A “Walk in the Woods” with Jerri Haslem at Red Mountain Park
Reading time: 5 minutes
Sometimes the best walk in the woods is retracing the steps that were taken by people who simply got up early every morning and walked to work.
That’s what men, young and old did from the Wenonah Community, on the backside of Red Mountain Park when they mined the Wenonah and Ishkooda mines for 108 years.
They simply walked to work.
Once they got there, over the course of a century, they mined and pulled 305 million tons of iron ore out of the ground, building a nation, and a city called Birmingham.
More Than Mountain Biking and a Dog Park
Jerri Haslem, Red Mountain Park’s director of community engagement cares deeply about her community, healthy living and nature.
When I first met her, I naively expected to walk on a trail and talk about all the ways park visitors use the 1500 acre nature preserve – mountain biking, trail running, playing with their dogs at Remy Park, ziplining and much more.
That was not on Jerri’s agenda.
Instead of meeting at Red Mountain Park’s popular Lakeshore entrance, we met at the new Wenonah Entrance at 2019 Venice Road – 35211, which is adjacent to the Wenonah Community.
The gateway opened less than a year ago, thanks to the city of Birmingham.

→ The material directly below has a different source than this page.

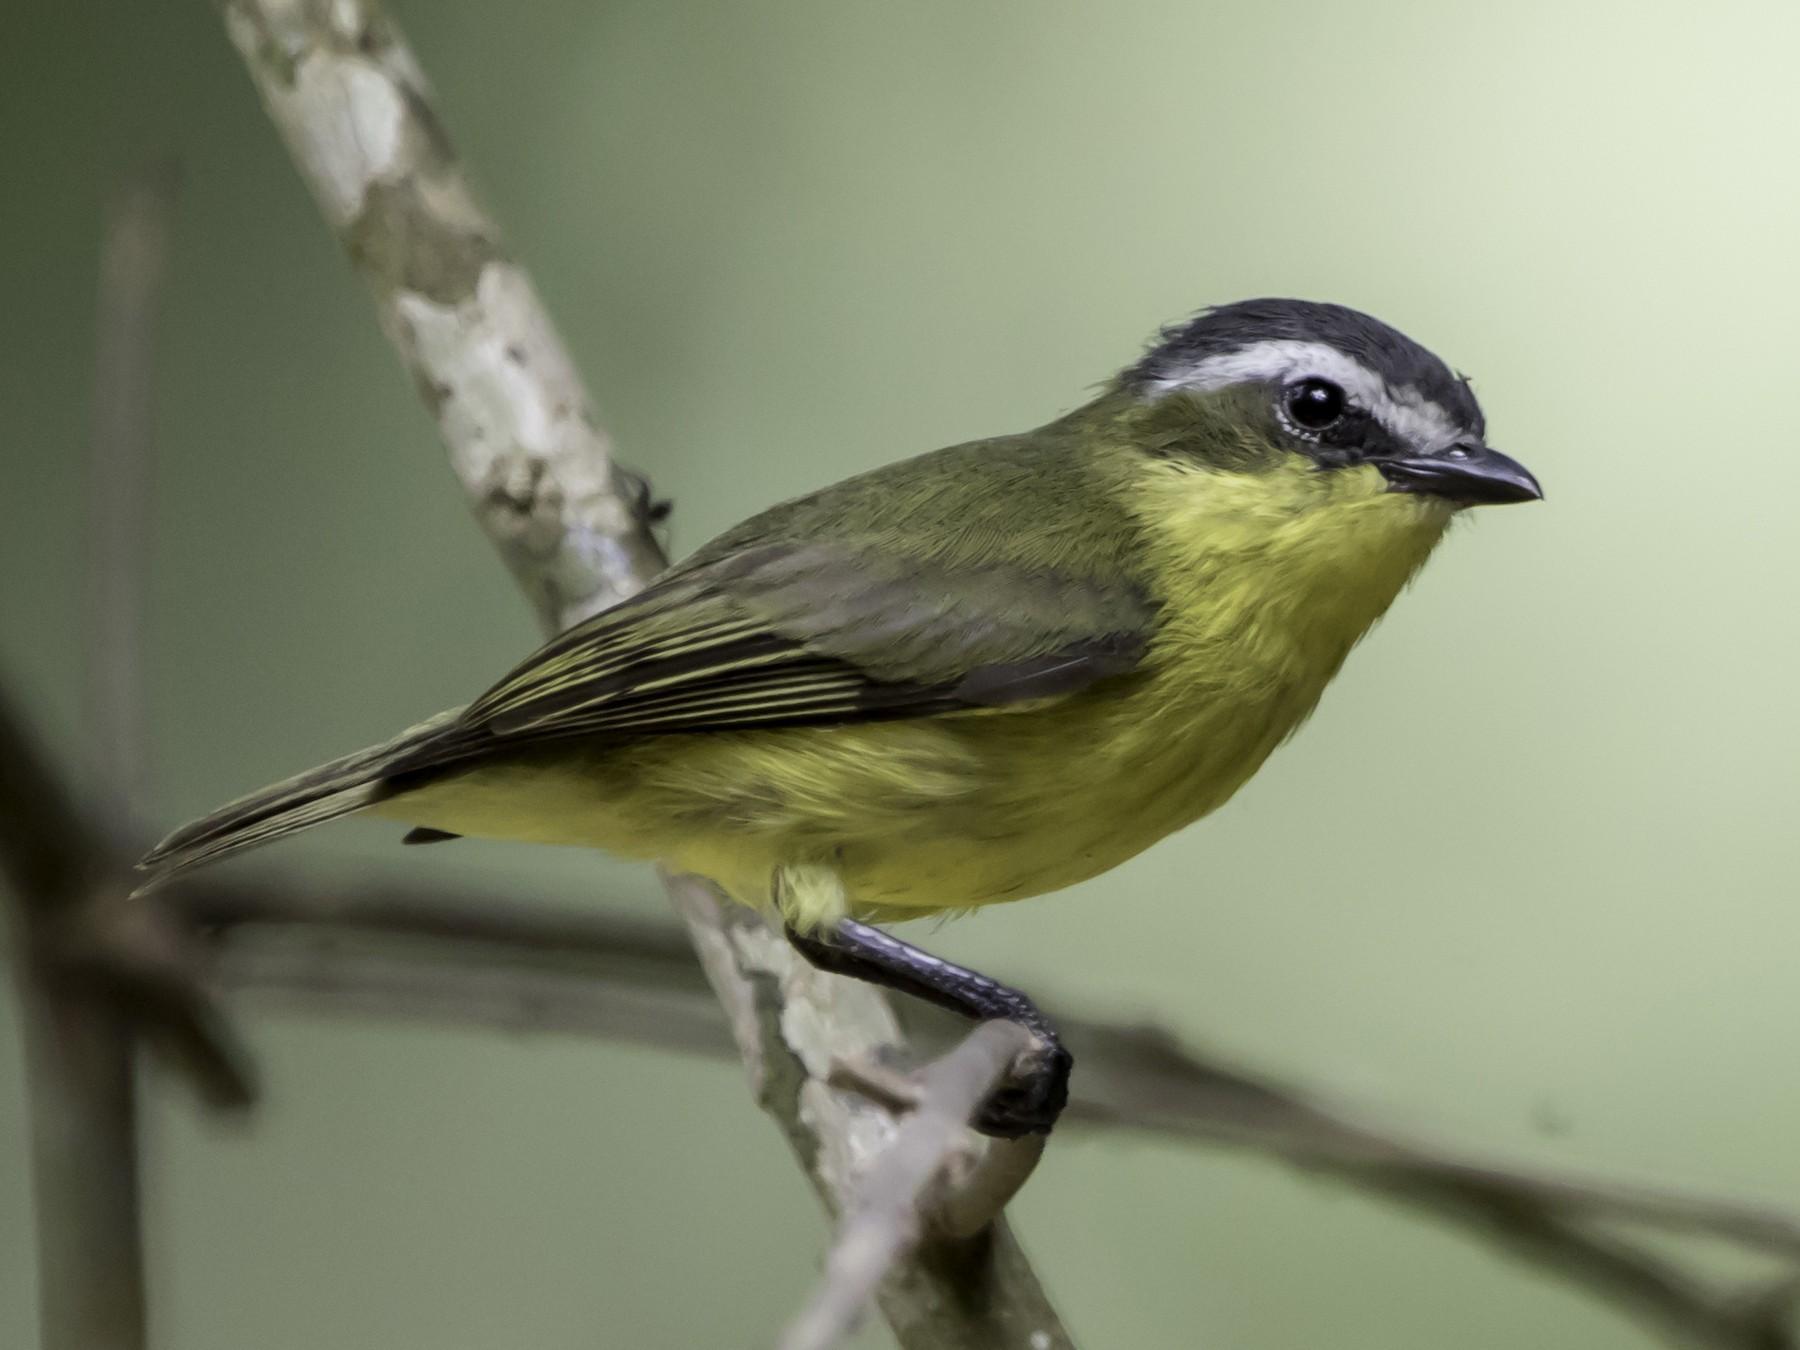 Yellow-bellied Tyrannulet - Jorge Eduardo  Ruano

It is a little hard to find. Google maps doesn’t provide exact directions to the parking lot, but it is the first turn to the left heading up the mountain from Dan’s Grocery on the corner of Wenonah Ishkooda Road in Wenonah. If you are coming from Lakeshore, it’s the first right into the park coming down the mountain on Venice Road.
The parking spaces still looked freshly painted and since the parking lot is new, there was little shade around it and the trailhead to protect us from the hot summer sun.
Connecting the Neighborhood to Red Mountain
When Jerri and I started walking, she described how the trail we were on was used by the thousands of men who journeyed every morning up the steep incline from the Wenonah neighborhood to the mines.
Initially, she directed my attention down the hillside, where I spotted a “square top,” a standard issued house at the Tennessee, Coal, Iron Railroad Company (TCI) mining camps. These two room homes with the recognizable stove flue are scattered throughout the neighborhood below Red Mountain Park.
While walking and listening to Jerri, I noticed a strip of rail half buried on the ground. We were experiencing the same path, these men and railroad cars traveled.
Further along the trail, Jerri snapped me back to present day Birmingham, when she unveiled the reason why she led me down this particular path.
“Experience the Beauty of What God Did”
“The neighborhood of Wenonah has never felt that this is their park,” Jerri told me. “Even though the mining happened here. You’ve got history, You’ve got these houses.
I’ve heard Black people from this part of the neighborhood say Red Mountain Park is not our park. It’s like we’ve been ostracized from it. It’s like, if I lived in New York City and had never been to the Statue of Liberty. It’s almost mind-boggling
.
Because of Jerri, those feelings are changing.
“This park is for everyone!” she exclaimed.
Jerri is breaking down barriers. Attending neighborhood meetings. Re-connecting the community by inviting residents to take a walk with her.
A lifelong advocate for healthy living and co-founder of Black People Run, Bike and Swim, here is how she best summed up her work at Red Mountain Park.
“I believe in nature and being outdoors. Everybody should experience the beauty of what God did. When I think of Red Mountain, I think of history and nature marrying each other. It is absolutely beautiful. It’s a hidden treasure.”
Bringing People Together
Since the coronavirus pandemic lockdown in March, the local community and Birmingham have discovered Red Mountain Park. According to Executive Director TC McLemore, more than 24,000 people visited the park in April and another 20,000 in May.
“It is very unfortunate to be dealing with COVID, but what COVID has done for this park, it has organically brought people here who never would have come,” said Jerri.
Red Mountain Park has become Birmingham’s refuge.